08.11.2004: Orkla wishes to strengthen its Nordic branded consumer goods operations and is making a cash offer to buy the shares of the other shareholders in the Finnish listed company Chips for EUR 22.85 per share. If the offer is accepted in full, the total cost will be EUR 320 million.
Orkla currently owns 20.4 % of Chips Abp. Orkla also owns 38 % of a company it controls jointly with Chips Abp which includes the snacks businesses in Norway, Sweden and Denmark.
Orkla has entered into an agreement with the largest shareholders in Chips, who have committed themselves to accepting Orkla's offer. These shareholders and Orkla together own 45 % of equity capital and 58 % of the votes. The Board of Directors of Chips will recommend its shareholders to accept the offer.
The most important conditions for Orkla's offer are that an extraordinary general meeting of Chips shareholders remove the restrictions on voting rights in the company's Articles of Association and that Orkla achieves at least 70 % of the votes and equity (including Orkla's own shares), although Orkla may nevertheless complete the offer even though the conditions are not fulfilled. A prospectus will be prepared and the offer period will probably be January 2005.

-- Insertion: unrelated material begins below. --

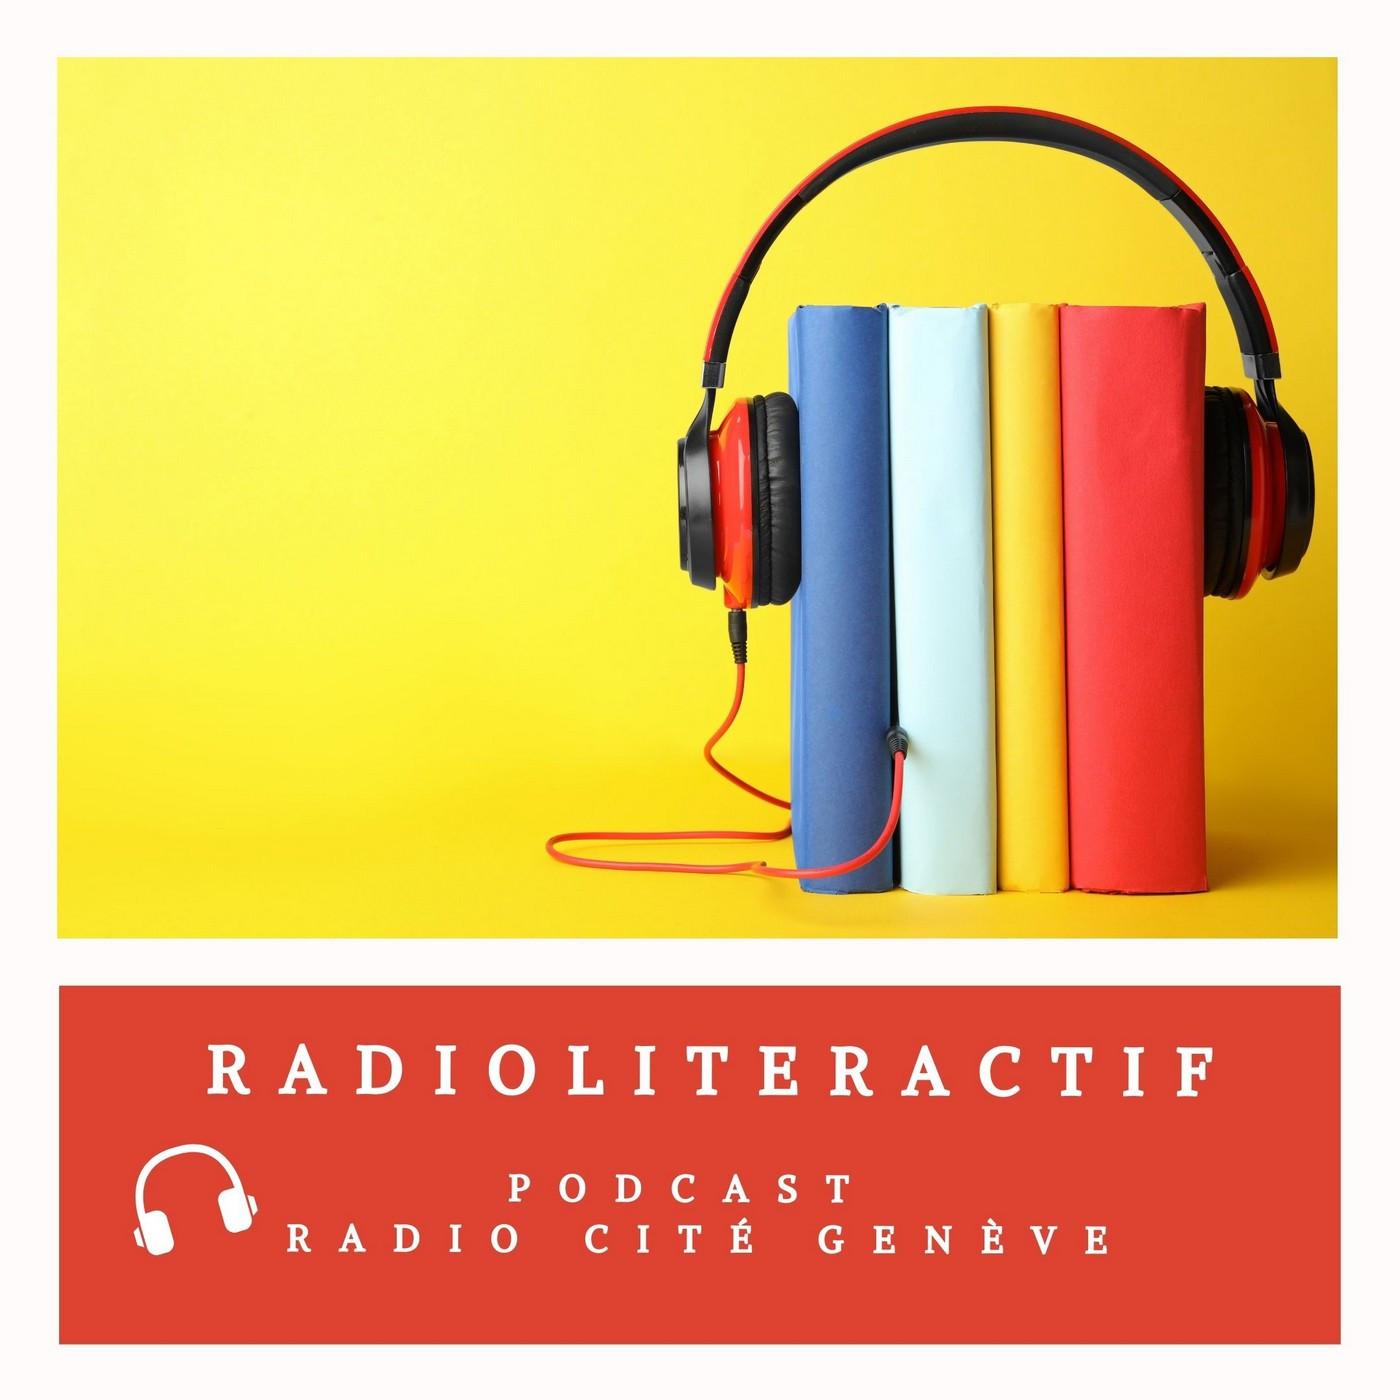 Radioliteractif du 19/10/20 - Anouk Gonzenbach-Dunant

There will be held a presentation in Norwegian today at Orkla's premises at Skøyen at 9.15 a.m. Norwegian time. There will also be arranged a telephone conference call in English at 3.00 p.m. Norwegian time. Further information can be found at www.orkla.com.
Chips is market leader in the snacks segment in the Nordic region and holds positions in Russia and the Baltic States. In addition to its main products in the snacks segment, Chips also has food manufacturing operations in Sweden and Finland. Operating revenues for the Chips Group totalled EUR 298 million in 2003 and the operating margin was 11.9 %. The company has achieved good growth in both operating revenues and operating profit in recent years. Chips' strongest brands include Taffel, OLW, KiMs, Polly and Oolannin. The Group has 1,300 employees.